**Problem to solve**
Please return every line of the material verbatim and skip any images.

**Input data**
=== Section Start ===

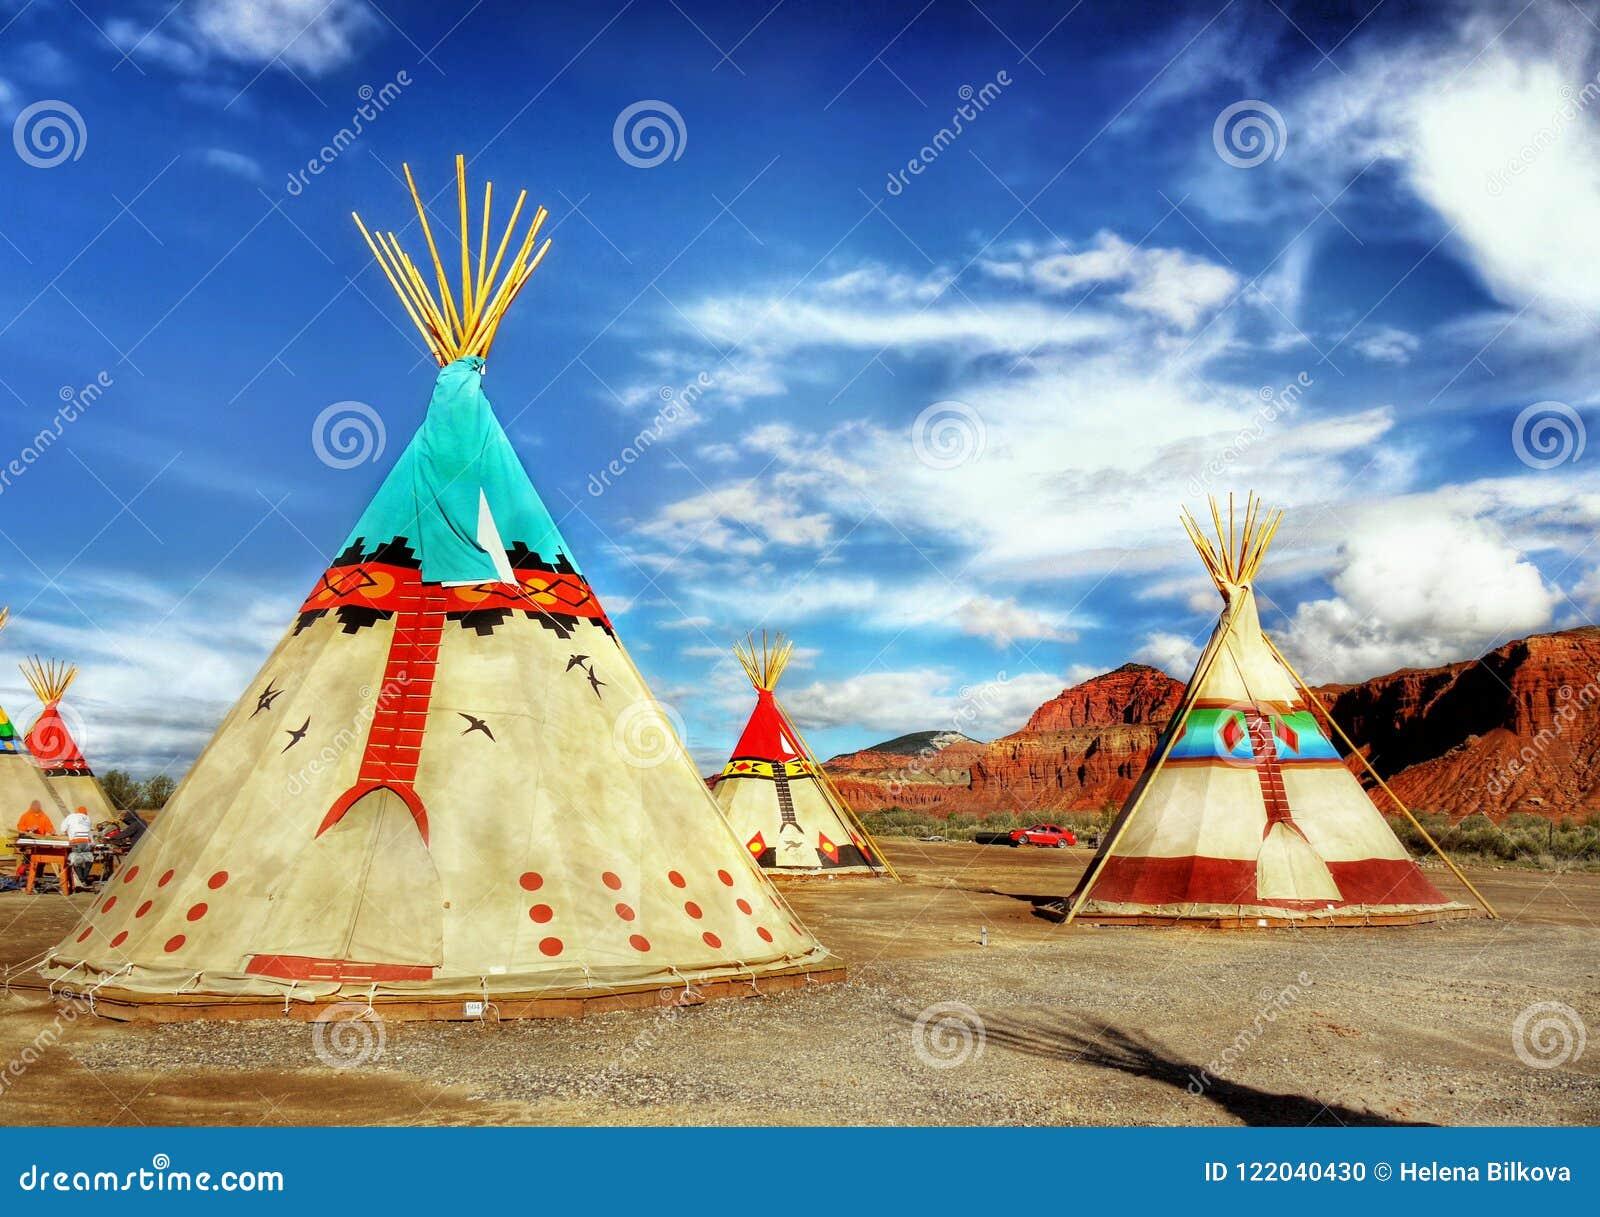 Native American Indian Tents Teepee
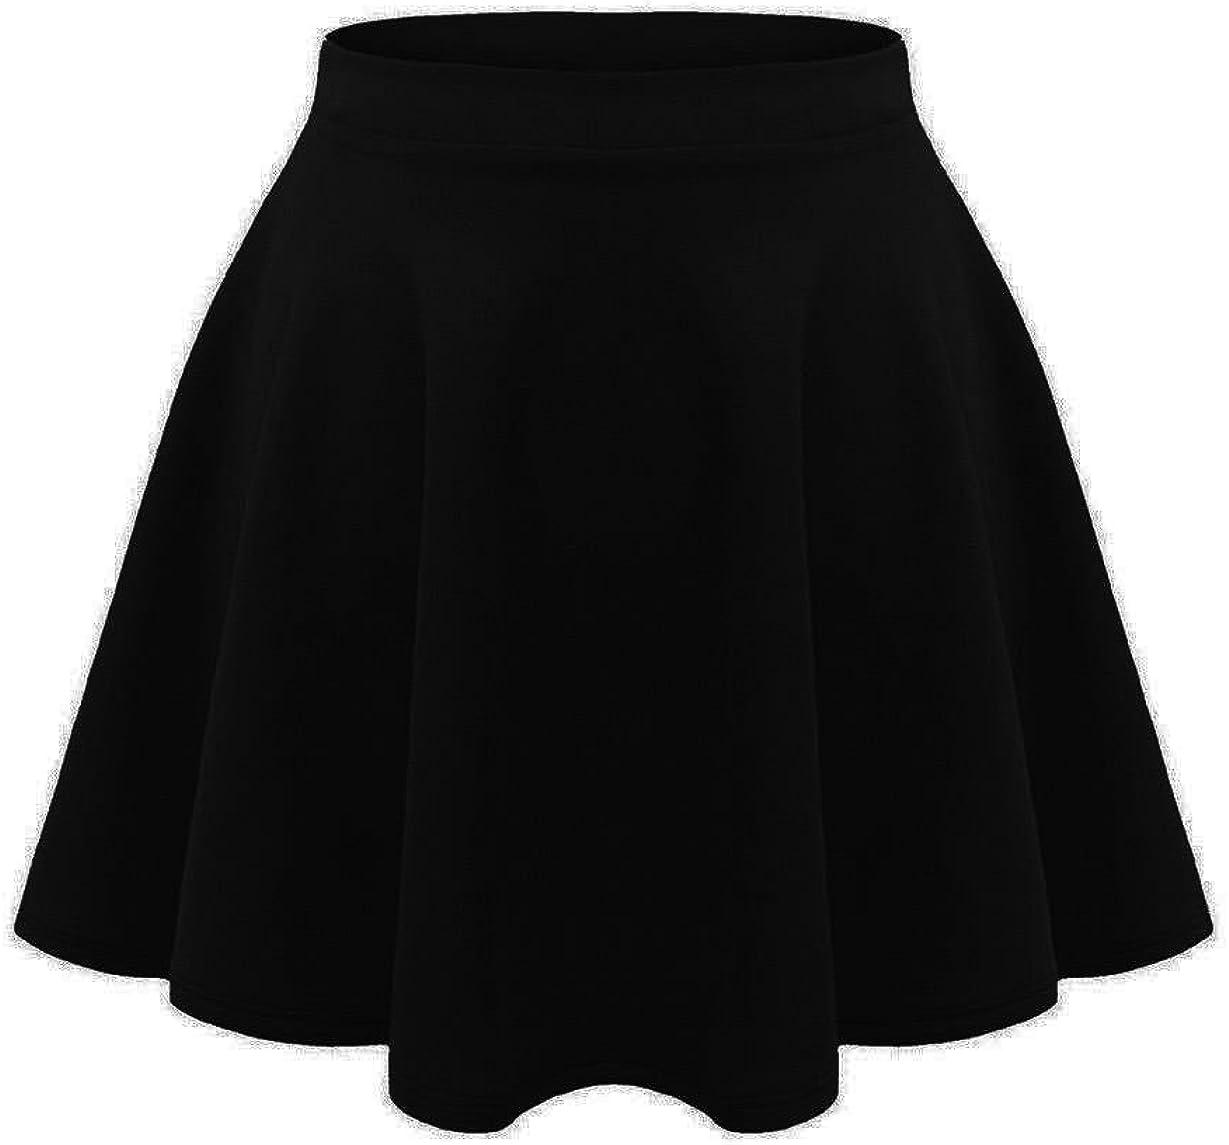 janisramone Kids Girls Children New Plain Flippy Flared High Waistband Stretch Short Mini Skater Skirts
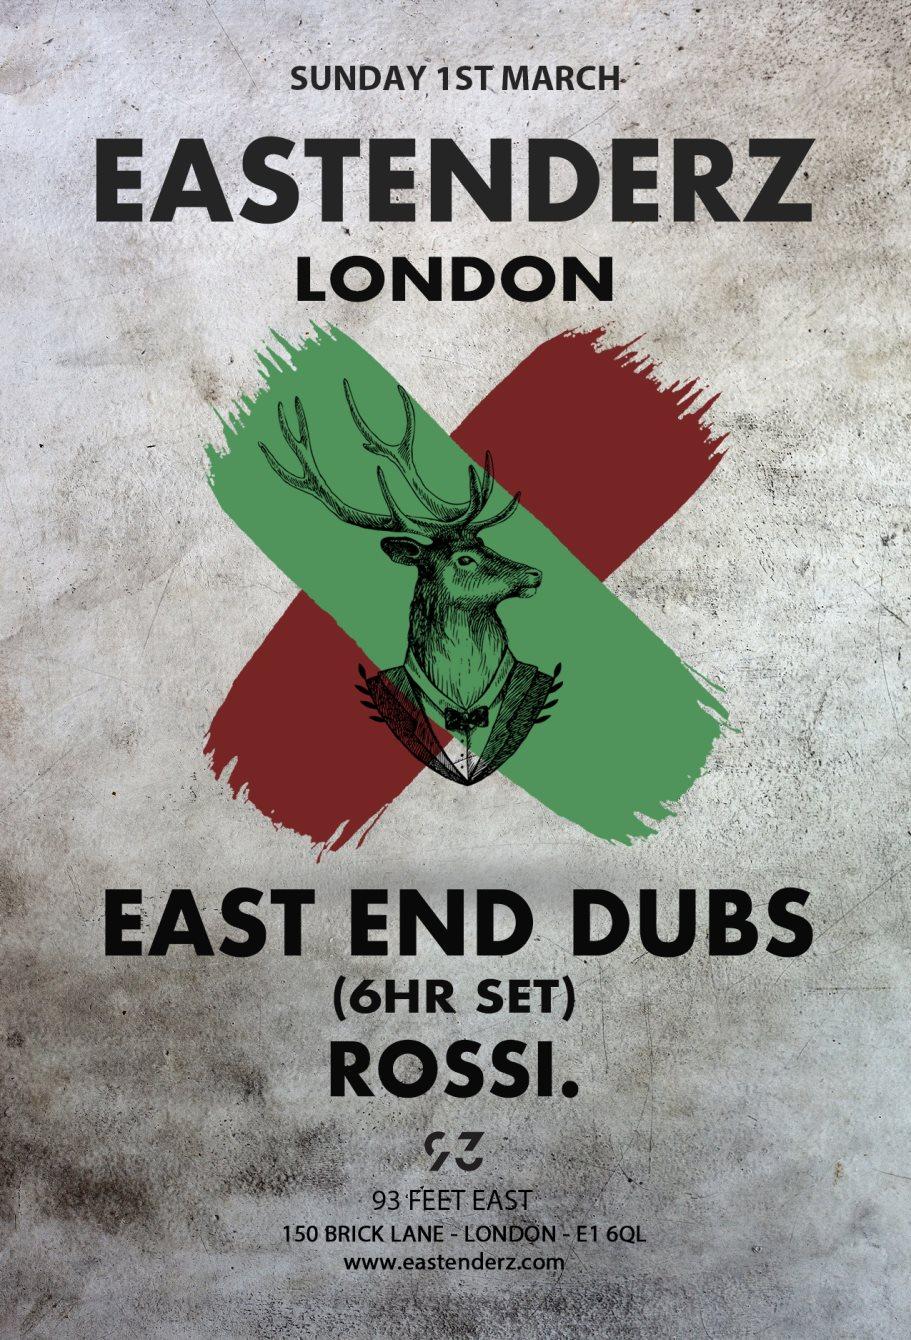 [Sold Out] Eastenderz - London (East End Dubs 6hr Set!) - Flyer front

=== Section End ===

**Response area**
 Native American Indian Tents Teepee
 janisramone Kids Girls Children New Plain Flippy Flared High Waistband Stretch Short Mini Skater Skirts
 [Sold Out] Eastenderz - London (East End Dubs 6hr Set!) - Flyer front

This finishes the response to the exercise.